Each of these best practices is good to do in some situations, but not in others. The problem, Bach says, is that the software industry consists of many broad communities of practice (for example, regulated, high reliability, market driven), and what's important for one may not be for others.
As you can see, this small book covers a lot of ground. The essays are all short and easy to read. They don't require much specialized knowledge. They are filled with information that most of us can use right away. If you have anything to do with software development projects, you should read this book.
The Seven Habits of Highly Effective People by Stephen R. Covey (Simon & Schuster, NY, 1989, 360pp, ISBN 0-671-70863-5, $14.00)
It would not have occurred to me to review this book, which has already sold 10 million copies in the 12 years since it appeared, had it not been for a coincidence. When I first picked up Amplifying Your Effectiveness, I had just participated in a workshop based on Stephen Covey's ideas, so those ideas were fresh in my mind. I saw immediately how closely Weinberg's taxonomy of improving effectiveness parallels Covey's habits. Looking deeper, I found many other places where these two books say the same thing in different ways.
The icon of Covey's habits is a figure resembling an hourglass inside a circle. The lower triangle represents the three habits that comprise the private victory, that is, the move from dependence to independence. The upper triangle represents the three habits that comprise the public victory, that is, the move from independence to interdependence. The circle represents the seventh habit, which concerns continual personal renewal.
When I first saw Weinberg's first axis in Amplifying Your Effectiveness, it reminded me immediately of Covey's hourglass figure.
Weinberg's second axis also lines up with some of Covey's principles. For example, Covey's first habit concerns breaking the connection between stimulus and response. Rather than reacting to anger or fear, pause a moment to think about how the person you want to be would respond in this situation. This corresponds pretty closely to acting congruently when confused, angry, or afraid.
Another of Covey's habits, seek first to understand, then to be understood, lines up pretty well with the other items on Weinberg's second axis.
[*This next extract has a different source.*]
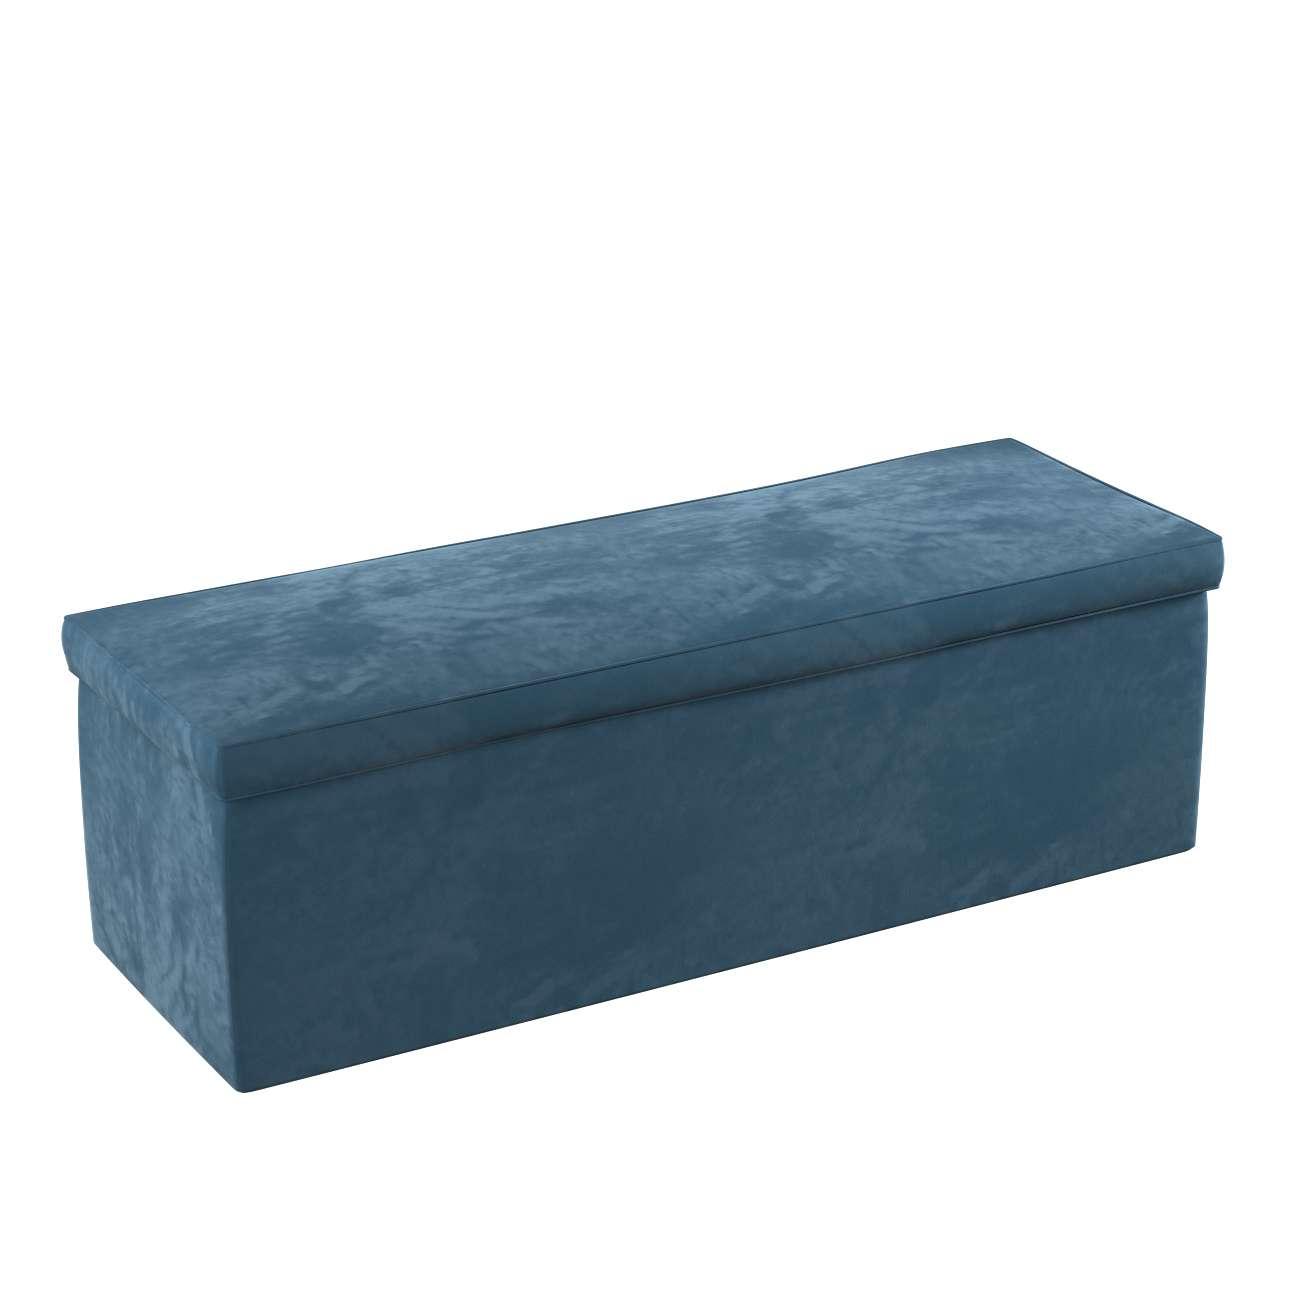 Truhe, blau, 120 x 40 x 40 cm, Velvet | Wohnzimmer > Truhen | Dekoria

Covey sees effectiveness as based on keeping a balance between your production and your capacity to produce. The story of the goose that laid golden eggs expresses this idea. The goose's owner sought ways to obtain eggs faster than the goose could produce them, and in doing so killed the goose. Covey's habits are about building your production capacity and performing within its limits. For example, Covey's third habit, Put first things first, is exactly the advice Johanna Rothman gives in her article The Perils of Parallel Projects. To reduce context switching, she suggests picking the most important task and working on it until it's finished.
Covey's third habit gives rise to one of the best known aspects of his book, his time management matrix. Covey characterizes tasks on two dichotomies: (important, not important) and (urgent, not urgent). This gives rise to four quadrants. Covey's time management strategy is to spend as much time as possible in quadrant II, important but not urgent. This prepares you to handle quadrant I (urgent and important) tasks efficiently and reduces the number of such tasks.
I could go on and on drawing parallels between these two books, but I'll leave the rest as an exercise for the reader.
Covey's book is an intricate interweaving of simple themes. It is a book to read and to refer to again and again. I recommend it highly.
The FranklinCovey company (www.franklincovey.com) offers workshops on the contents of the book, and many companies make these available to their employees. If you get a chance to attend one of these workshops, you should take advantage of it.